From the standpoint of the mechanism of alcohol formation, it was of great interest to establish the position of the hydroxyl group in the alcohols formed during the oxidation of alkyl-substituted naphthenic hydrocarbons. For this purpose we used the method of oxidizing alcohols with potassium dichromate in dilute sulfuric acid, followed by isolation and identification of the acids formed. This method had been successfully applied by us in studying the composition of alcohols obtained in the oxidation of normal paraffinic hydrocarbons \((^{2,3})\).

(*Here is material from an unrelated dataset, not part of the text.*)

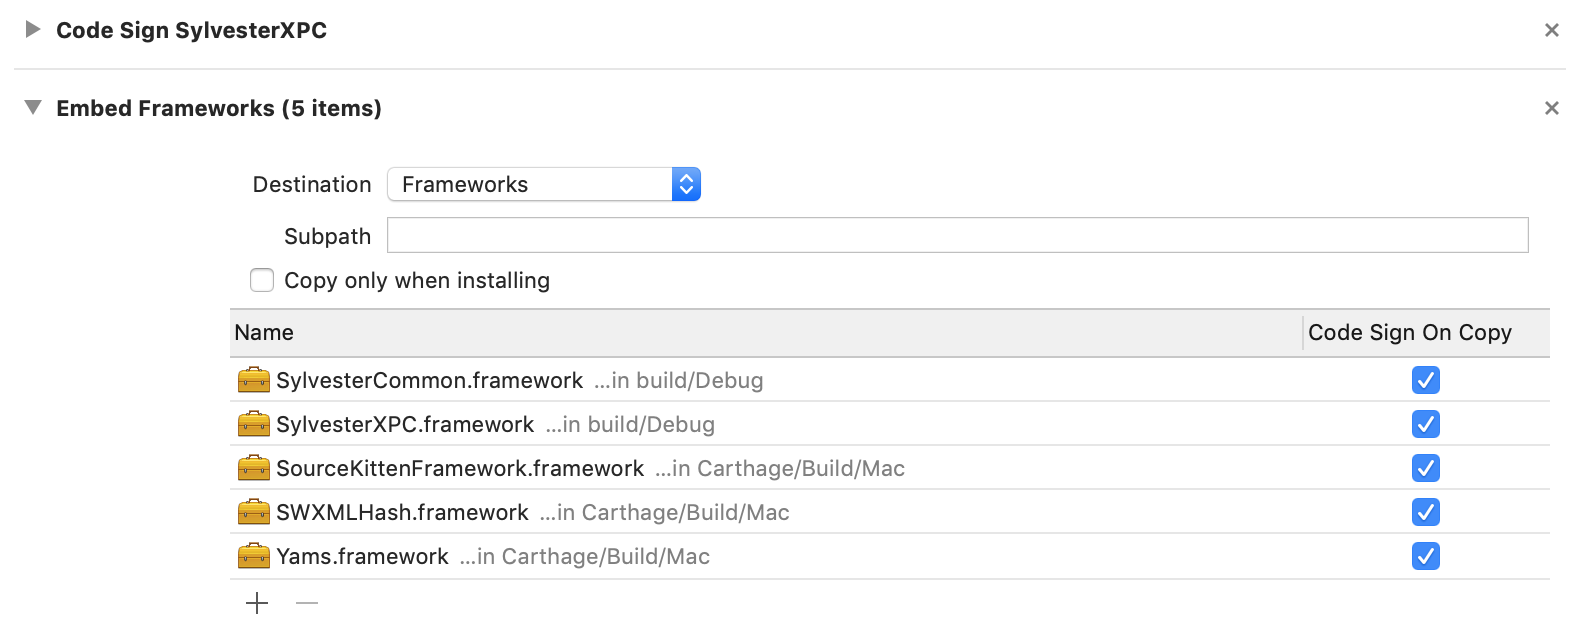 Embed Frameworks Phase

The alcohols obtained by us, as noted above, consist mainly of secondary alcohols, while the molecule of \(n\)-alkylcyclohexane has secondary carbon atoms both in the side chain and in the ring. It could be expected that the hydroxyl groups would be distributed among these carbon atoms. Therefore oxidation of an alcohol having the hydroxyl group in the side chain of \(n\)-alkylcyclohexane will lead to a naphthenic acid and to the corresponding acid of the fatty series. Oxidation of an alcohol with the hydroxyl group in the ring should proceed with cleavage of the ring.

The conditions for oxidizing alcohols with chromic mixture and the procedure for isolating and identifying the acids have been described previously \((^{2,3})\). The acids obtained in the oxidation of the alcohols were converted into methyl esters, which were fractionated with a carrier substance. The acids were identified by boiling point and by the silver content in the silver salts of the acids. The possibility of using this method for separating naphthenic acids was first established by us using several acids specially synthesized for this purpose. Alcohols obtained respectively from \(n\)-amyl-, \(n\)-heptyl-, and \(n\)-nonylcyclohexanes were subjected to oxidation with chromic mixture.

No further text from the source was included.